Thank you for any assistance you can provide!

The reference is probably to a treatise sent to Huygens on 5 October 1691, where Leibniz says (and illustrates with several examples) that "Whenever the subtangent [$$=y/y'$$, but it would also work for just the tangent $$y'$$] is a product of two quantities or formulas, of which one is given purely in terms of the abscissa $$x$$, and the other in terms of the ordinate $$y$$, then the problem reduces to quadratures [i.e., to integration]." (page 186 of http://www.gwlb.de/Leibniz/Leibnizarchiv/Veroeffentlichungen/III5A.pdf)

However, that was hardly a new discovery at that time.

In Leibniz's first paper on the calculus, in 1684, he determines a curve from its tangent property, which arguably amounts to a separation of variables. See page 8 of http://www.17centurymaths.com/contents/Leibniz/nova1.pdf.

In his first published paper on the integral calculus, in 1686, Leibniz again effectively uses separation of variables. See page 297 and the note below the image at https://www.maa.org/press/periodicals/convergence/mathematical-treasure-leibnizs-papers-on-calculus-integral-calculus.

In 1687, Leibniz separates variables again to solve the differential equation of a descent problem. See page 4 of http://www.17centurymaths.com/contents/Leibniz/ae3a.pdf.

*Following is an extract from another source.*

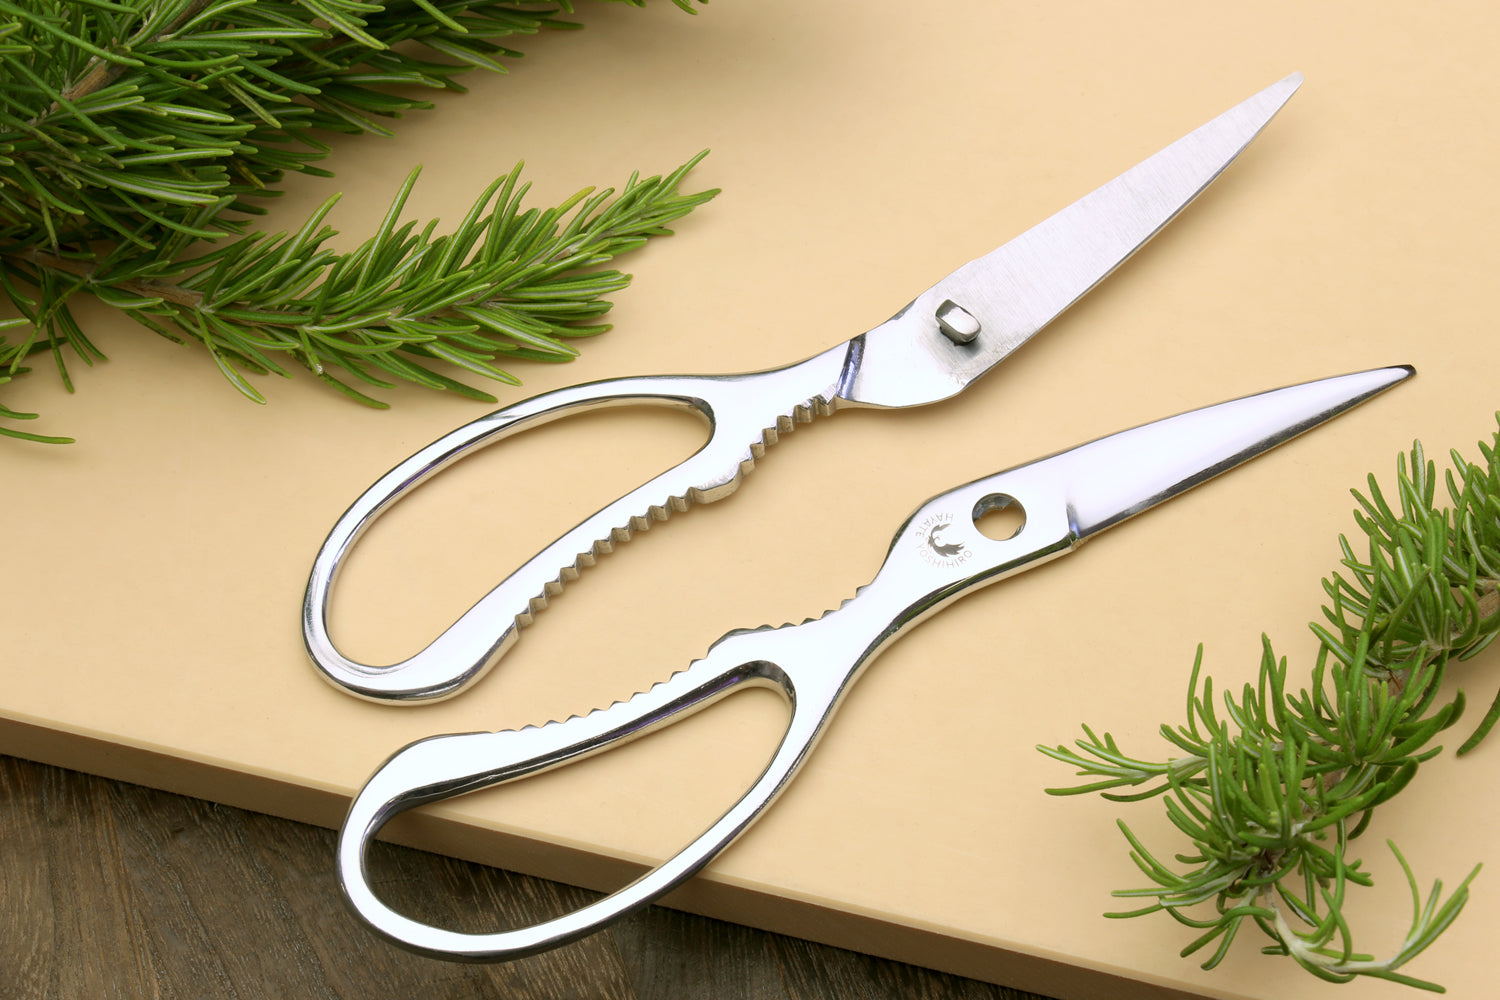 Kitchen Scissors Heavy Duty Herb Scissors 5 Blades Stainless Steel

In his lectures on the calculus of 1691-92, Johann Bernoulli uses separation of variables throughout and treats it as one of the most basic ideas of the calculus. See https://archive.org/details/dieersteintegra00kowagoog/page/n19.

Because of examples such as these I do not think it makes sense to view separation of variables as a discovery separate from the Leibnizian calculus, made only in 1691. Separation of variables seems to have been taken for granted as a natural and self-evident part of calculus itself. Separation of variables does not stand out as a distinctive technique in these works because Leibniz et al. worked with relations between differentials in a flexible way rather than expressing all such relations in terms of the derivative $$dy/dx$$ as we are inclined to do today.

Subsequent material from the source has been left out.